Home
cd ../playbooks
Knowledge ManagementIntermediate

Book-to-Skill Converter

Convert any technical PDF or EPUB into a structured Claude Code skill — extracting named frameworks, principles, techniques, and anti-patterns into a reusable knowledge base with on-demand chapter files.

15 minutes
By virgiliojr94Source
#skill#pdf#epub#knowledge-base#frameworks#study#reference

You bought the book, highlighted half of it, and forgot the frameworks two weeks later. Re-reading isn't the answer — turning the book into a skill Claude can call up while you work is. Frameworks become callable, glossary becomes searchable, chapters load on demand.

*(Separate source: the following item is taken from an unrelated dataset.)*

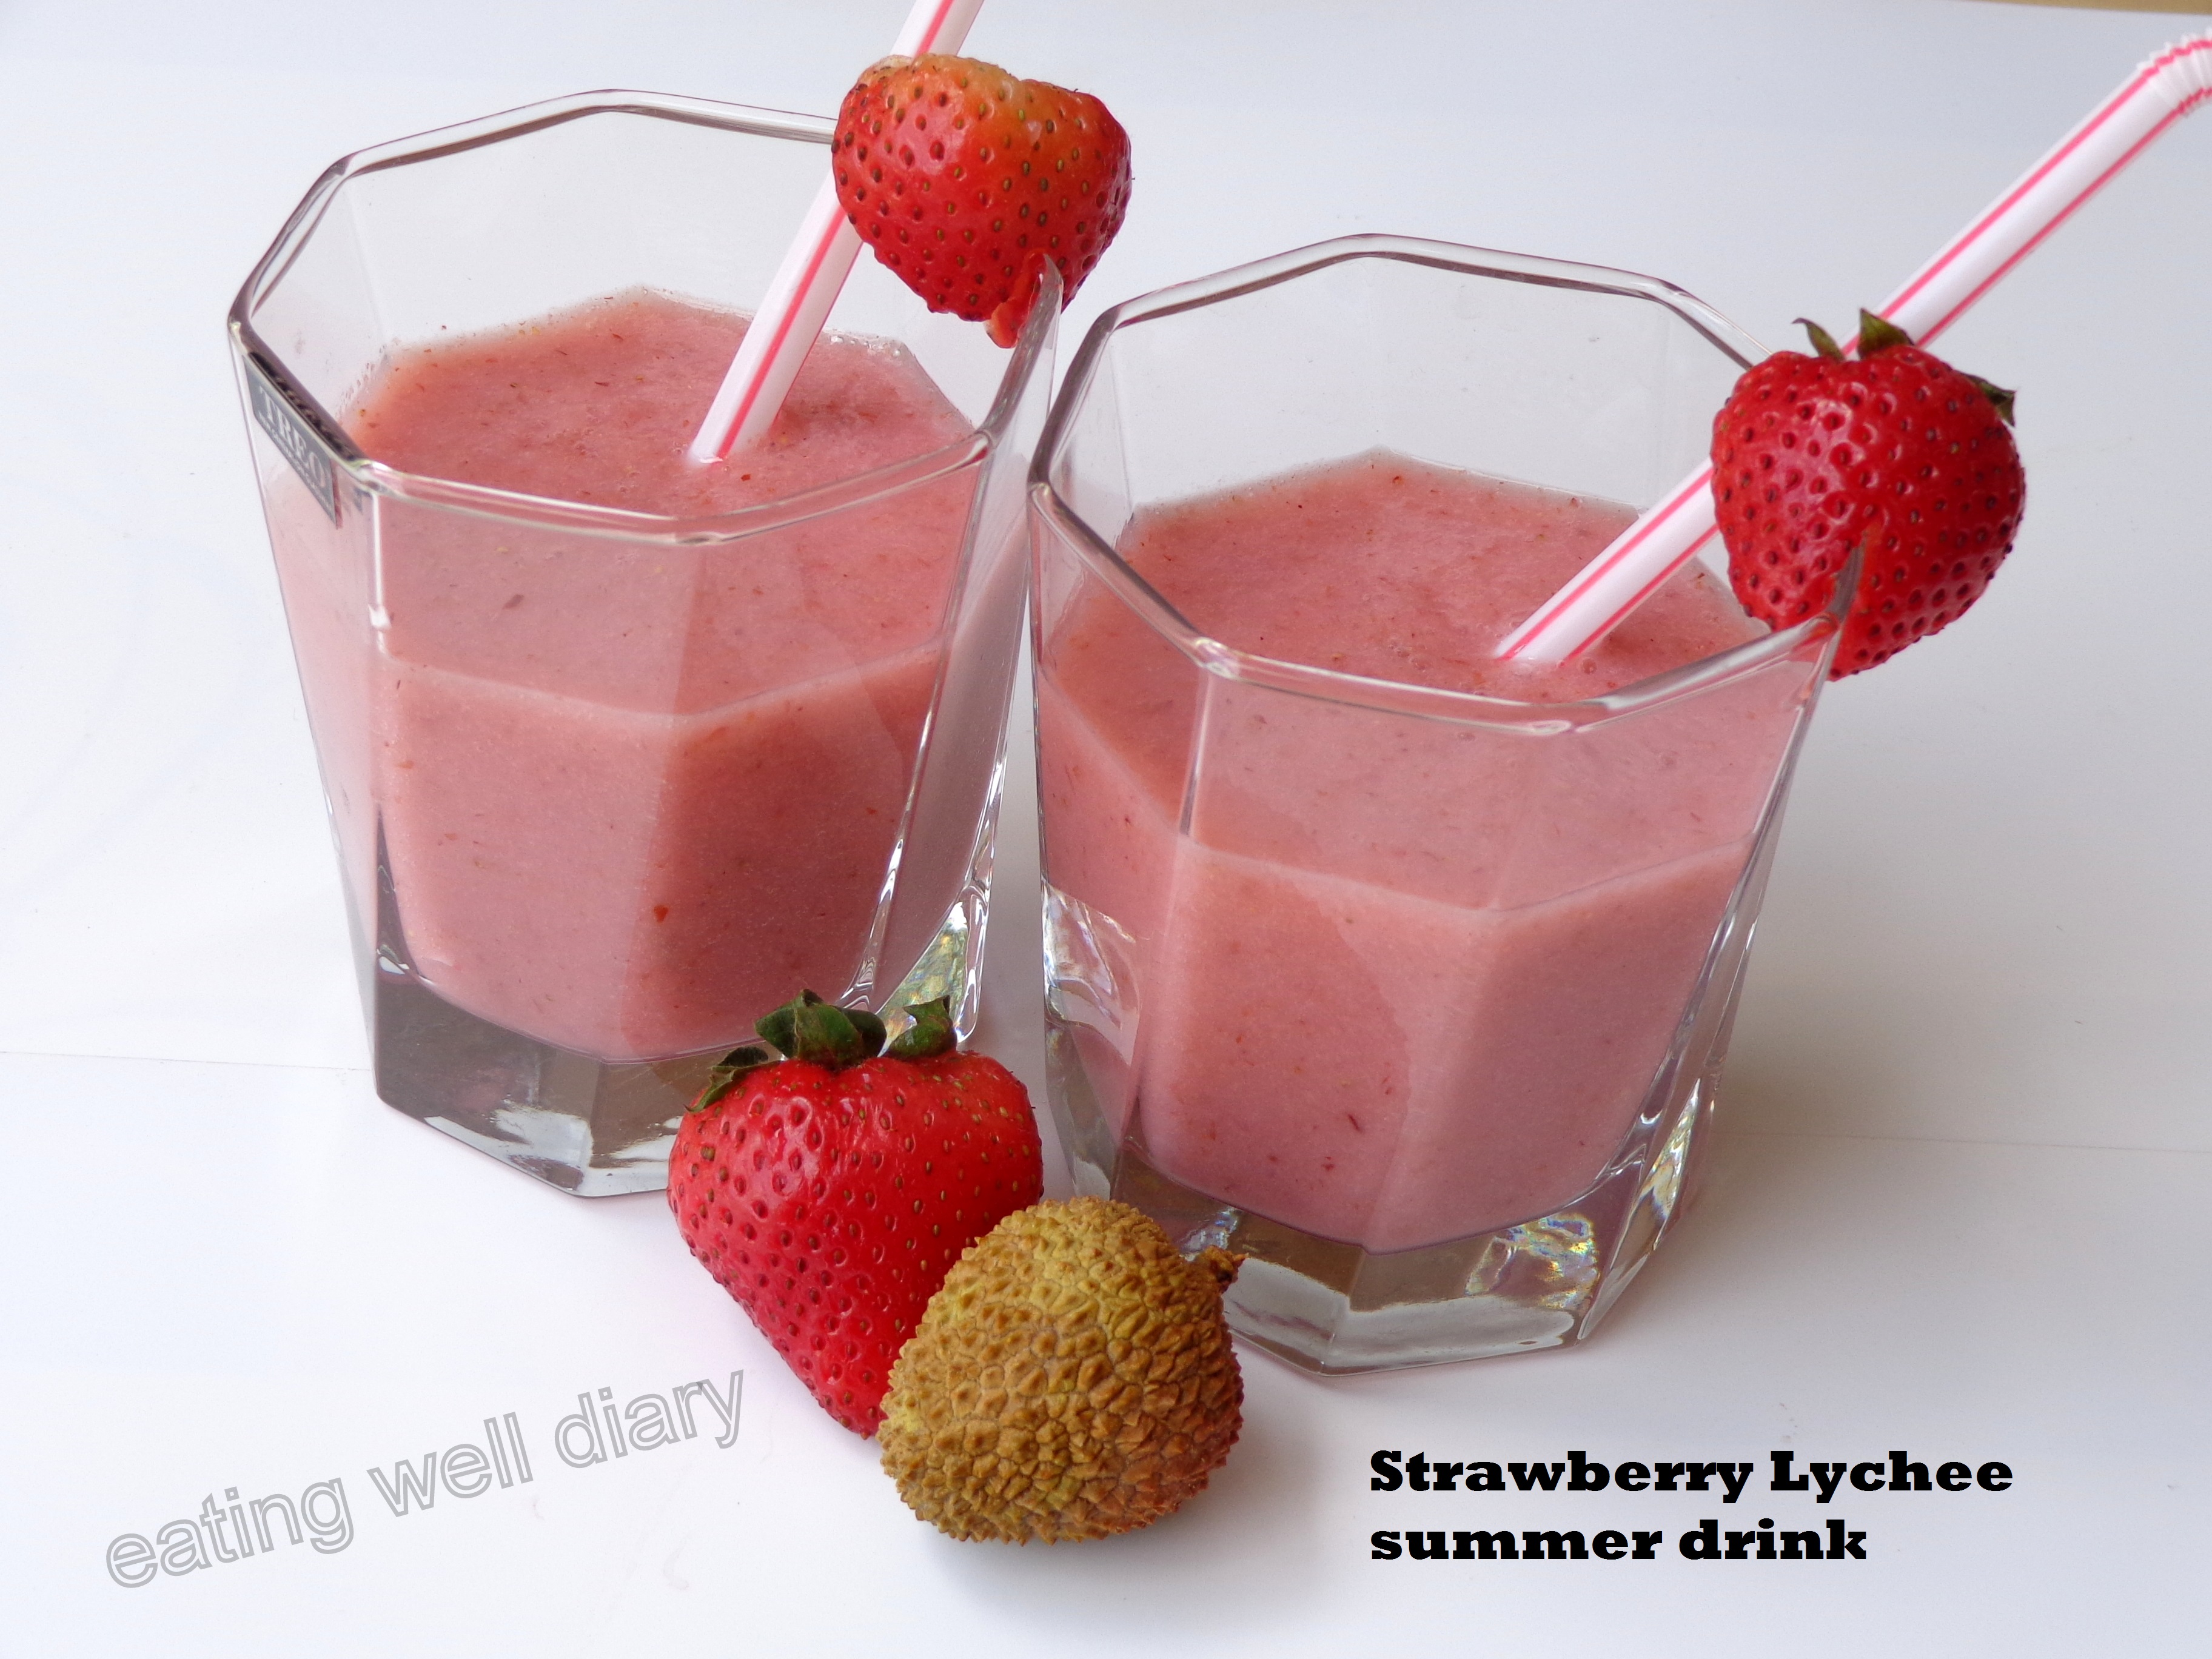 Strawberry Lychee summer drink

Who it's for: knowledge workers building personal knowledge bases, researchers, lifelong learners, engineers who study reference books, anyone who reads non-fiction and wants the ideas to stick

Example

"Turn this Designing Data-Intensive Applications PDF into a skill" → SKILL.md with core frameworks (replication, partitioning, consistency models), 12 chapter summaries loaded on demand, glossary, patterns, and cheatsheet — total ~25K tokens, callable as /ddia replication

CLAUDE.md Template

New here? 3-minute setup guide → | Already set up? Copy the template below.

---
name: book-to-skill
description: Converts a technical book (PDF or EPUB) into a structured Claude Code skill — extracting frameworks, mental models, principles, techniques, and anti-patterns the author crystallized. Use when the user wants to study a book through Claude, apply an author's frameworks while working, or build a reusable knowledge base from any PDF or EPUB.
when_to_use: Trigger phrases — "turn this book into a skill", "create a skill from this PDF", "create a skill from this EPUB", "I want to study X book", "add this book to my skills", "convert PDF to skill", "convert EPUB to skill", "analyze this book", "extract frameworks from this book". Accepts a path to a PDF or EPUB and optional skill name slug.
disable-model-invocation: true
context: fork
agent: general-purpose
allowed-tools: Bash(python3 *) Bash(pdftotext *) Bash(mkdir *) Bash(cp *) Bash(find *) Bash(wc *) Bash(echo *) Bash(cat *) Bash(date *) Read Write Glob Grep
argument-hint: <path-to-pdf-or-epub> [skill-name-slug]
arguments: [book_path, skill_name]
effort: high
---

# Book-to-Skill Converter

Transform written knowledge into actionable Claude Code skills by extracting structure — not producing summaries.

## Philosophy

Books contain crystallized expertise: frameworks, principles, and techniques that took years to develop. This skill extracts that knowledge into a format Claude can leverage repeatedly.

**Extract structure, not summaries.** A skill isn't a book report. It's a toolkit of:
- Named frameworks (mental models with clear application)
- Actionable principles (rules that guide decisions)
- Techniques (step-by-step methods)
- Anti-patterns (what to avoid and why)
- Voice calibration (how the author thinks and communicates)

**Preserve the author's precision.** Frameworks often have specific names for reasons. "The 5 Whys" isn't interchangeable with "ask why multiple times." Capture the exact formulation.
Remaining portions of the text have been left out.